XIAFLEX is contraindicated in patients with a history of
hypersensitivity to XIAFLEX or to collagenase used in any
other therapeutic application or application method
In the controlled and uncontrolled portions of clinical trials
in Dupuytren’s contracture, flexor tendon ruptures occurred
after XIAFLEX injection. Injection of XIAFLEX into
collagen-containing structures such as tendons or ligaments of
the hand may result in damage to those structures and possible
permanent injury such as tendon rupture or ligament damage.
Therefore, XIAFLEX should be injected only into the collagen
cord with a metacarpophalangeal (MP) or proximal
interphalangeal (PIP) joint contracture, and care should be
taken to avoid injecting into tendons, nerves, blood vessels,
or other collagen-containing structures of the hand. When
injecting a cord affecting a PIP joint of the fifth finger,
the needle insertion should not be more than 2 to 3 mm in
depth and avoid injecting more than 4 mm distal to the palmar
digital crease
Other XIAFLEX-associated serious local adverse reactions in
the controlled and uncontrolled portions of the clinical
studies included pulley rupture, ligament injury, complex
regional pain syndrome (CRPS), sensory abnormality of the
hand, and skin laceration (tear). In a historically controlled
post-marketing trial, the incidence of skin laceration (22%)

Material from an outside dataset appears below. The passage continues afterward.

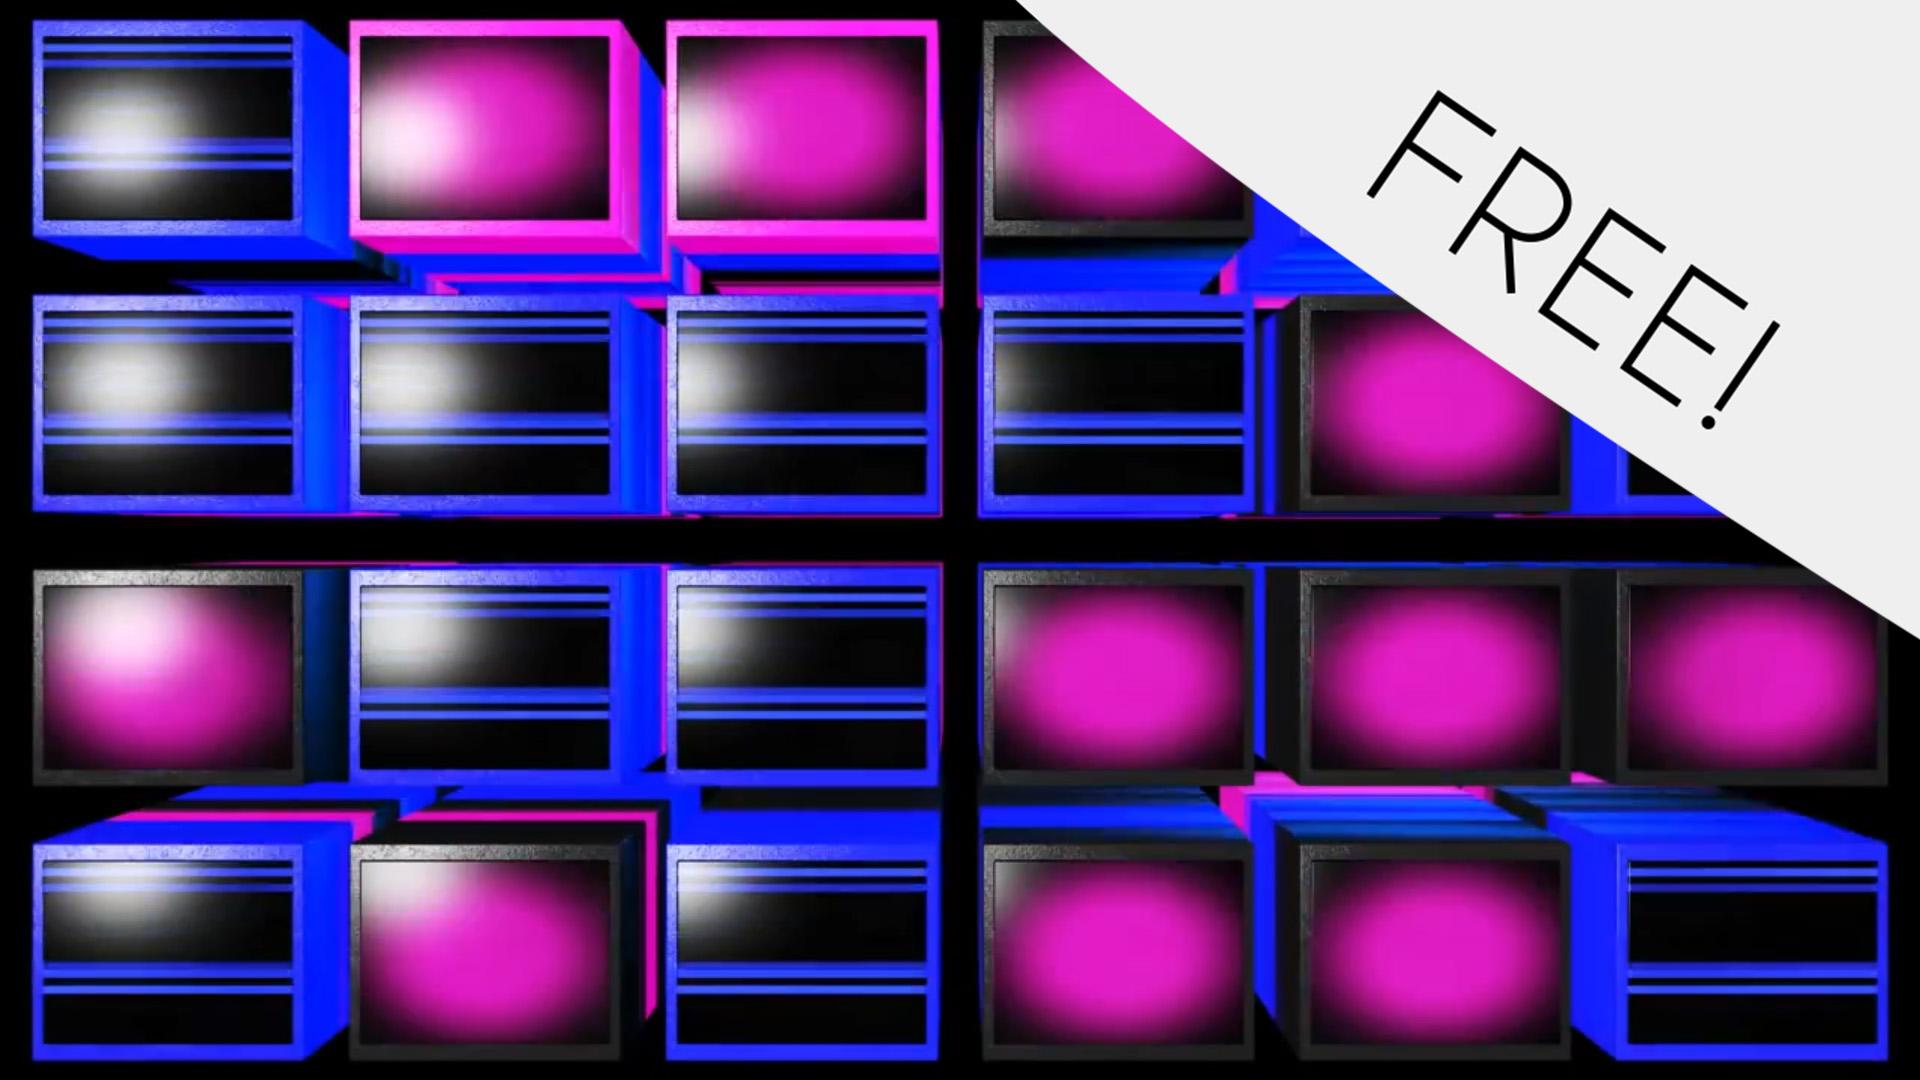 3D Video Cubes – Free VJ Loop
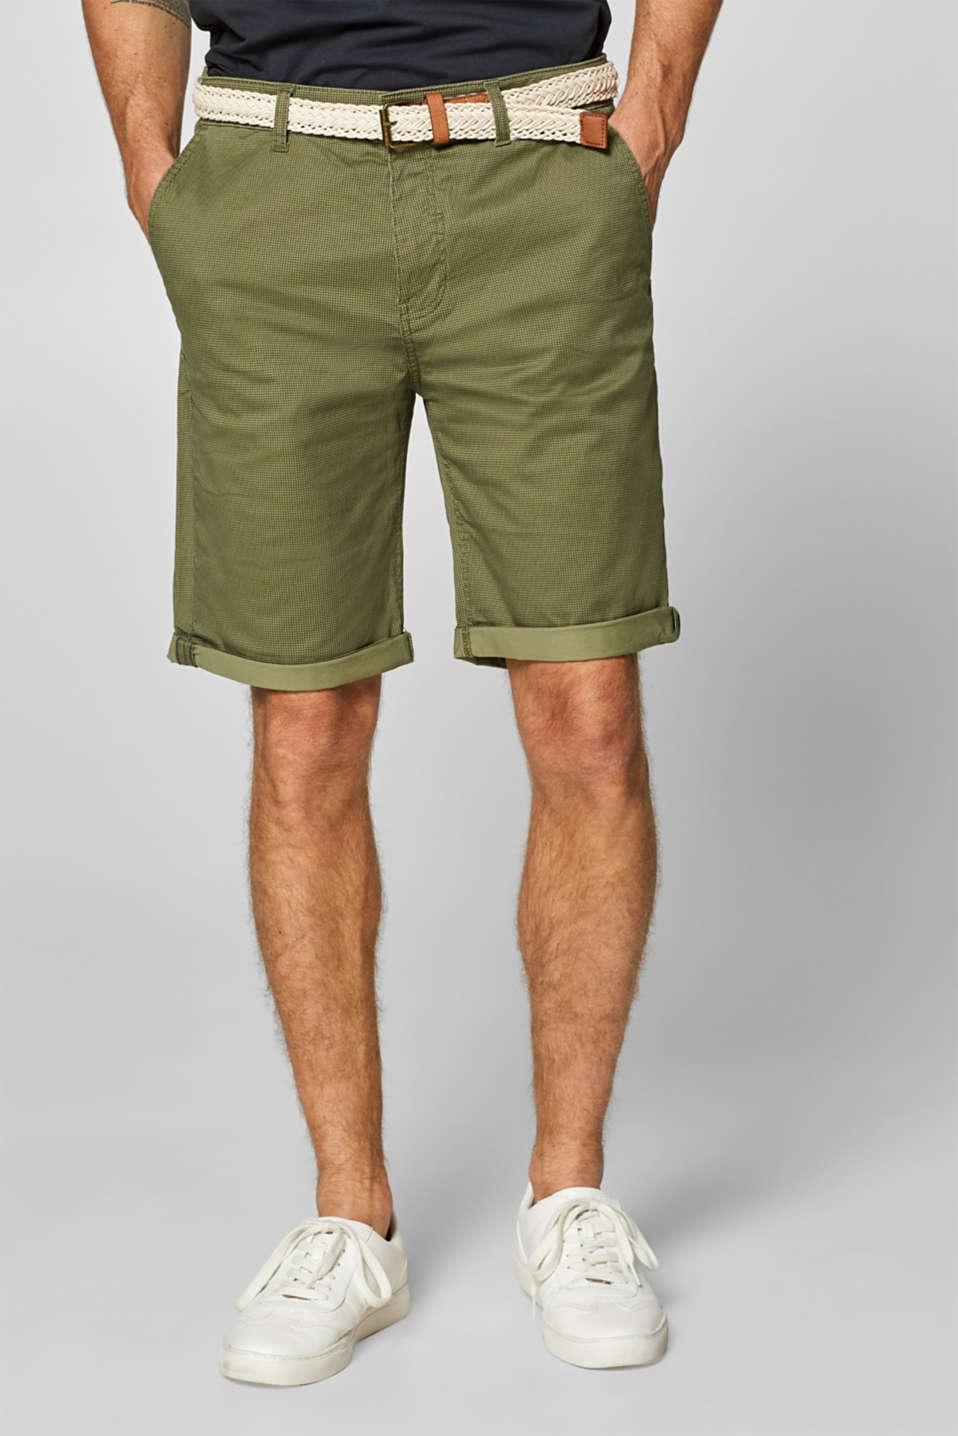 c5c8795704a Esprit – Bavlněné šortky s bio bavlnou v našem on-line shopu

was higher for subjects treated with two concurrent injections
of XIAFLEX compared with subjects treated with up to three
single injections in the placebo-controlled premarketing
trials (9%). Post-marketing cases of skin laceration requiring
skin graft after finger extension procedures and local skin
and soft-tissue necrosis, some requiring skin grafting, or
other surgical interventions including finger amputation have
been reported. Signs or symptoms that may reflect serious
injury to the injected finger/hand should be promptly
evaluated because surgical intervention may be required
Cases of syncope and presyncope have been reported in the
post-marketing period in patients treated with XIAFLEX. In
most cases in patients with Dupuytren’s contracture, the
injection procedure, finger extension procedure, or pain
following the procedures were reported as potential triggers
for the events, suggesting a vasovagal mechanism. Most, but
not all, cases occurred in the immediate treatment period
(injection or finger extension procedure) or within 1 to 2
days following the injection or finger extension procedure. If
presyncopal symptoms occur, patients should remain recumbent
until symptoms resolve. Syncope may be associated with bodily
injuries, including concussion, head abrasion, and other
accidental injuries
In the controlled portions of the clinical trials in
Dupuytren’s contracture, a greater proportion of
XIAFLEX-treated patients (15%) compared to placebo-treated
patients (1%) had mild allergic reactions (pruritus) after up
to 3 injections. The incidence of XIAFLEX-associated pruritus
increased after more XIAFLEX injections in patients with
Dupuytren’s contracture
Because XIAFLEX contains foreign proteins, severe allergic
reactions to XIAFLEX can occur. Anaphylaxis was reported in a
post-marketing clinical trial in one patient who had previous
exposure to XIAFLEX for the treatment of Dupuytren’s
contracture. Healthcare providers should be prepared to
address severe allergic reactions following XIAFLEX injections
In the XIAFLEX trials in Dupuytren’s contracture, 70% and 38%
of XIAFLEX-treated patients developed an ecchymosis/contusion
or an injection site hemorrhage, respectively. Patients with
abnormal coagulation (except for patients taking low-dose
aspirin, eg, up to 150 mg per day) were excluded from
participating in these studies. Therefore, the efficacy and
safety of XIAFLEX in patients receiving anticoagulant
medications (other than low-dose aspirin, eg, up to 150 mg per
day) within 7 days prior to XIAFLEX administration is not
known. In addition, it is recommended to avoid use of XIAFLEX
in patients with coagulation disorders, including patients
receiving concomitant anticoagulants (except for low-dose
aspirin)
In the XIAFLEX clinical trials for Dupuytren’s contracture,
the most common adverse reactions reported in ≥25% of patients
treated with XIAFLEX and at an incidence greater than placebo
were edema peripheral (eg, swelling of the injected hand),
contusion, injection site hemorrhage, injection site reaction,
and pain in the injected extremity
Post-marketing experience
– Syncope and presyncope have been reported in patients
treated with XIAFLEX. Most, but not all, cases occurred in the
immediate treatment period or within 1 to 2 days following
injection. Bodily injuries associated with the syncopal events
have been reported
INDICATION
XIAFLEX is indicated for the treatment of adult patients with
Dupuytren’s contracture with a palpable cord.